5 AV fleet -- route deviation, sensor disagreement, communication dropout, geofence violation, fleet coordination failure.
5 industrial IoT -- setpoint drift, actuator conflict, network segmentation breach, safety interlock bypass, process variable excursion.

The 9 core methods operate standalone. The 25 vertical-specific methods require fleet infrastructure for cross-agent behavioral baselines. Auto-quarantine triggers on critical severity. Quarantined agents cannot execute further actions without explicit operator release.

Fleet Governance

Cross-agent coordination at scale

Cross-agent correlation matrix detects coordinated anomalies that appear benign at the individual agent level. Joint behavioral baselines identify fleet-wide drift before individual agents cross thresholds.

Standalone deployments support halt for up to 10 locally governed agents. With fleet infrastructure: sub-50ms coordinated halt across 500+ concurrent agents. One operator decision stops every governed agent across every deployment surface. Post-halt agent registration is rejected -- no new agents can join while halt is active. Fleet-level coordination requires Agentomy fleet infrastructure.

5-Tier Permission Model

Identity-based authorization with graduated action scope

Evaluator -- read-only observation. Zero operational footprint.
Analyst -- standard task execution within defined scope. No irreversible actions without confirmation.
Builder -- elevated operations requiring explicit authorization before execution.
Operator -- administrative operations affecting system configuration. Requires senior approval.
Strategist -- system-level actions including kill switch execution and governance policy override. Cannot be delegated.
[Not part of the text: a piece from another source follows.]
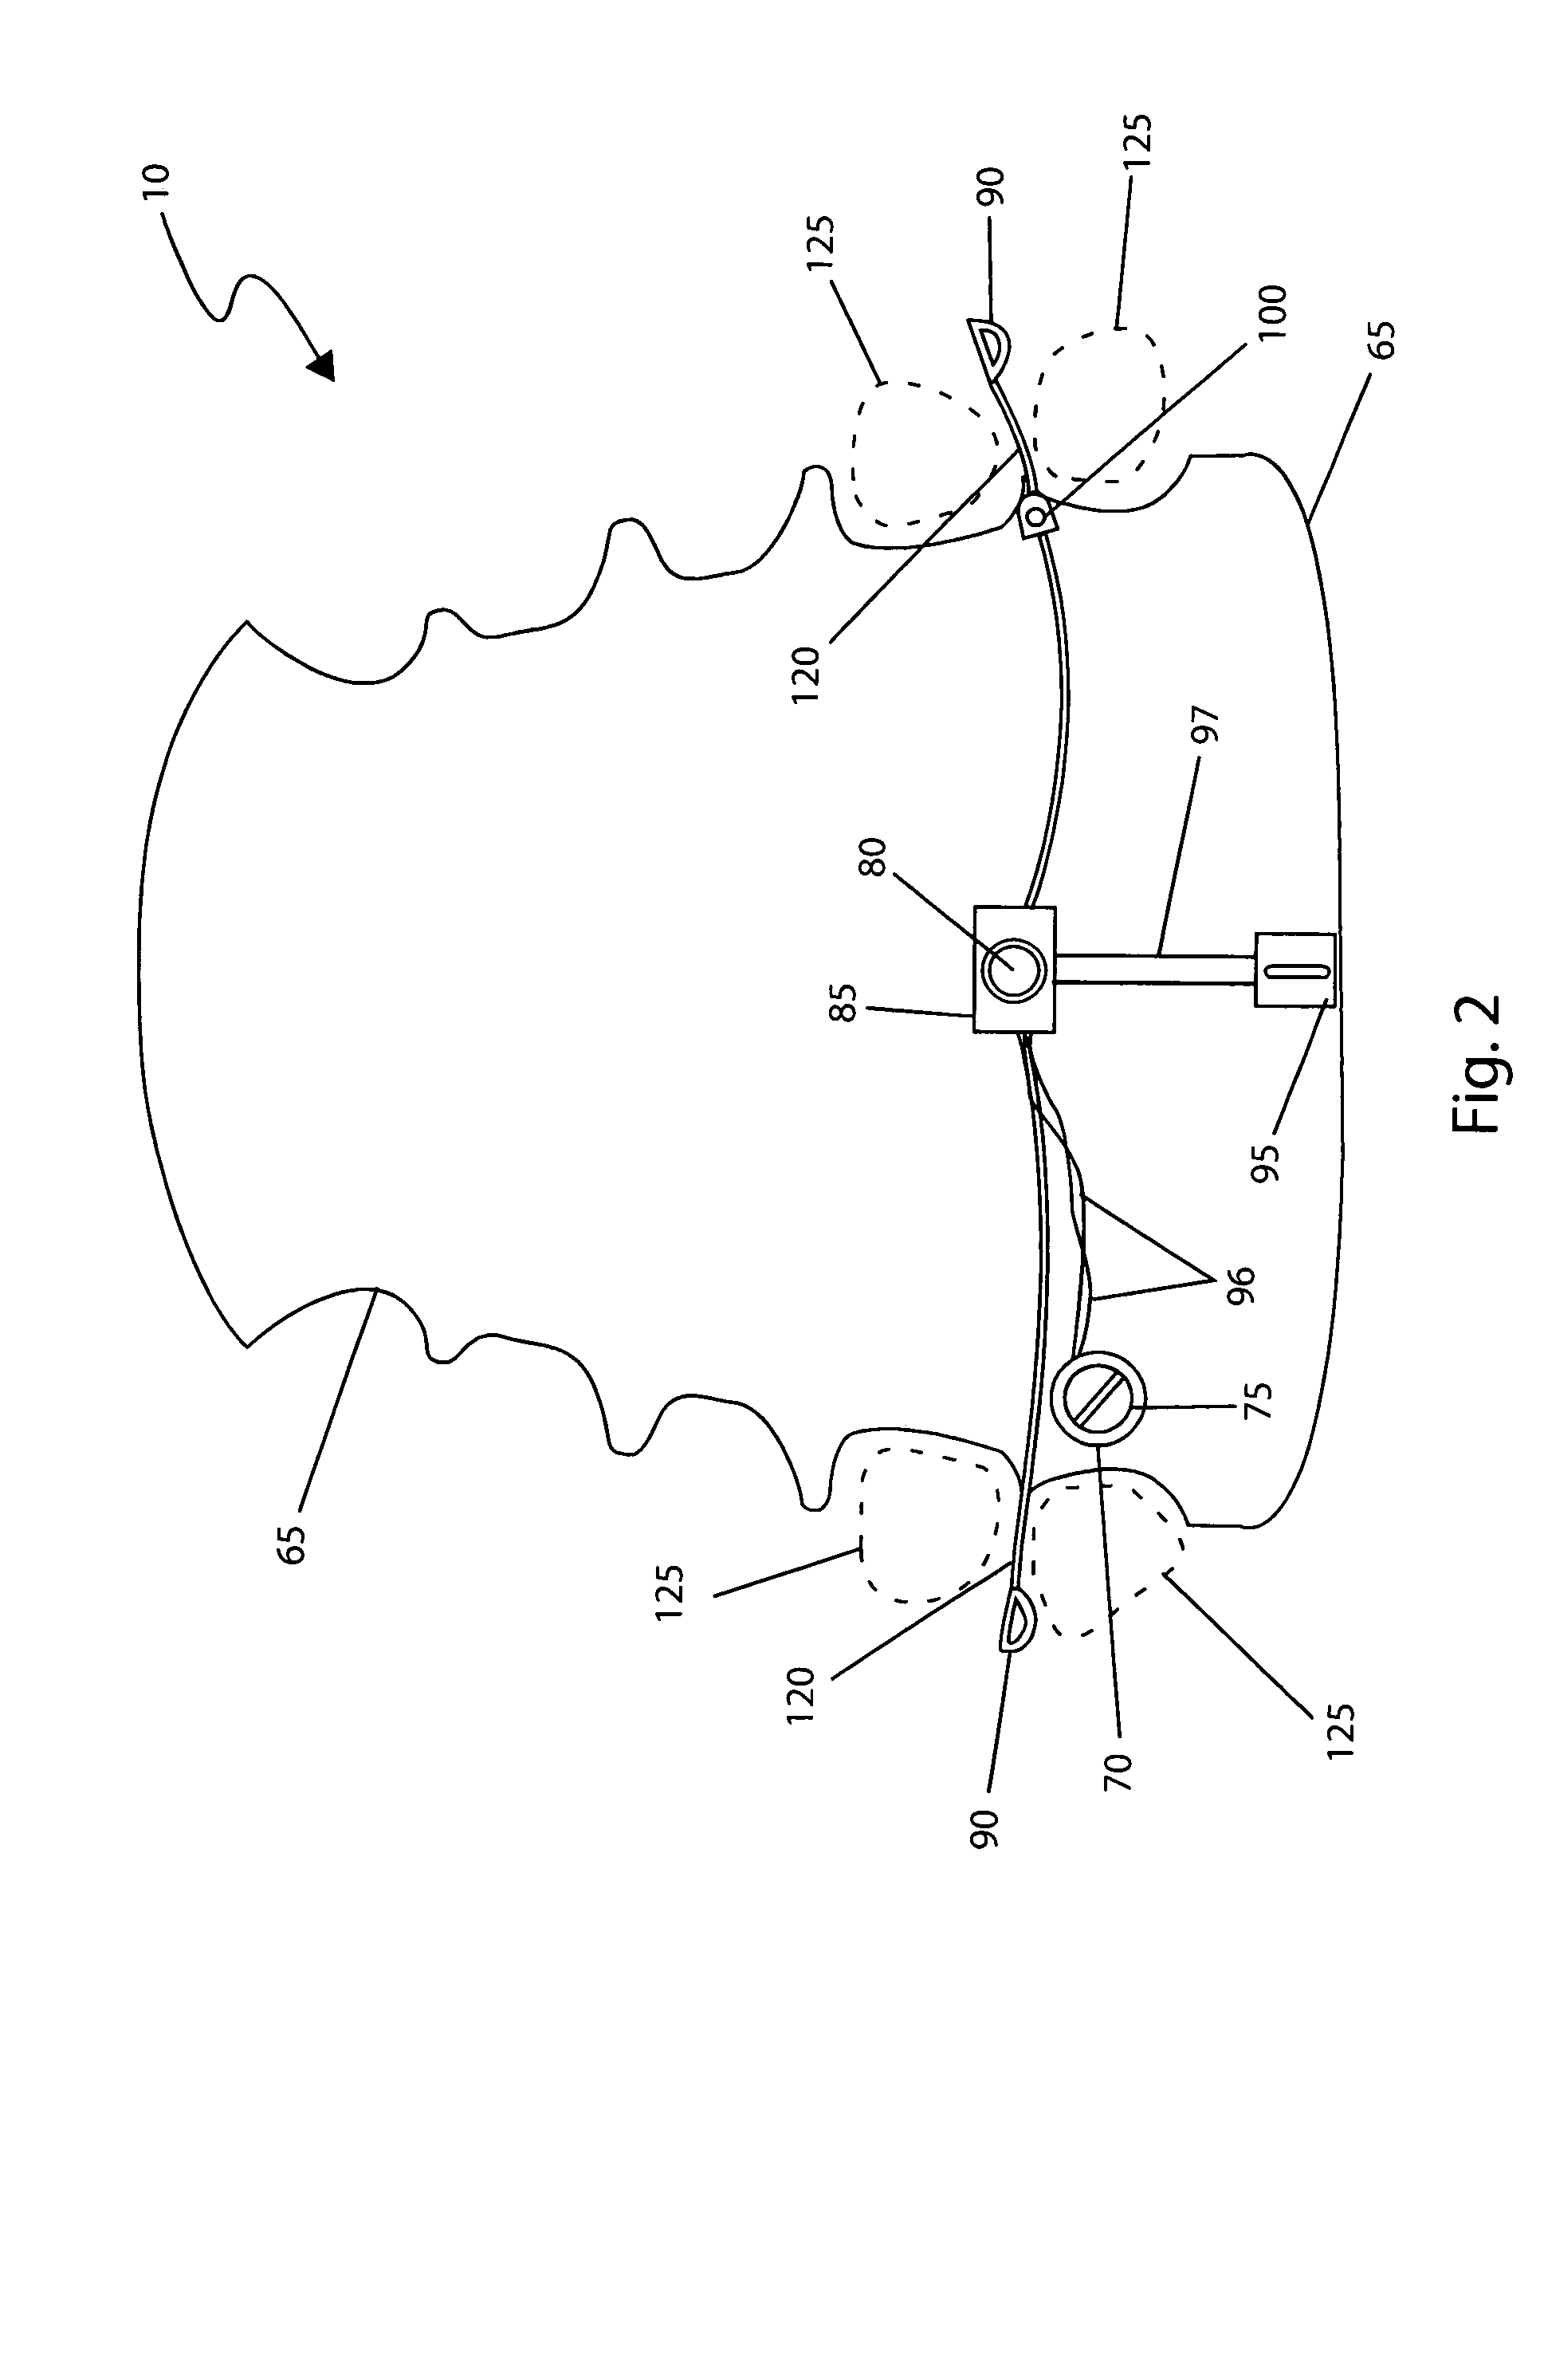 Oral hearing aid device and method of use thereof

Every tier assignment is logged. Tier escalation via request body is structurally impossible -- enforced at the authorization stage of the 10-stage pipeline, not at the application layer.

EU AI Act Alignment

Pipeline stages mapped to specific regulatory obligations

Article 9 (Risk Management) -- Stages 2 (Trust), 3 (Authorization), 4 (Behavioral Check): continuous risk identification and mitigation throughout the action lifecycle.
Article 12 (Record-Keeping) -- Stage 8 (Evidence Recording): tamper-evident logging with hash-chain integrity, retained for operational lifetime plus applicable limitation period.
Article 14 (Human Oversight) -- Stage 10 (Halt Evaluation) + fleet halt: one authorized human halts all autonomous action immediately with signed proof record.
Article 15 (Accuracy and Robustness) -- Stages 5 (Content Input), 7 (Output Scan), 9 (Drift Update): continuous validation of input integrity, output correctness, and behavioral stability.

The three-tier AGP specification maps Articles 9, 12, and 14 as the minimum. The reference implementation additionally satisfies Article 15 obligations through input/output scanning and drift monitoring.

Agentomy is in active development. This specification reflects the current implementation, not an independently assessed standard.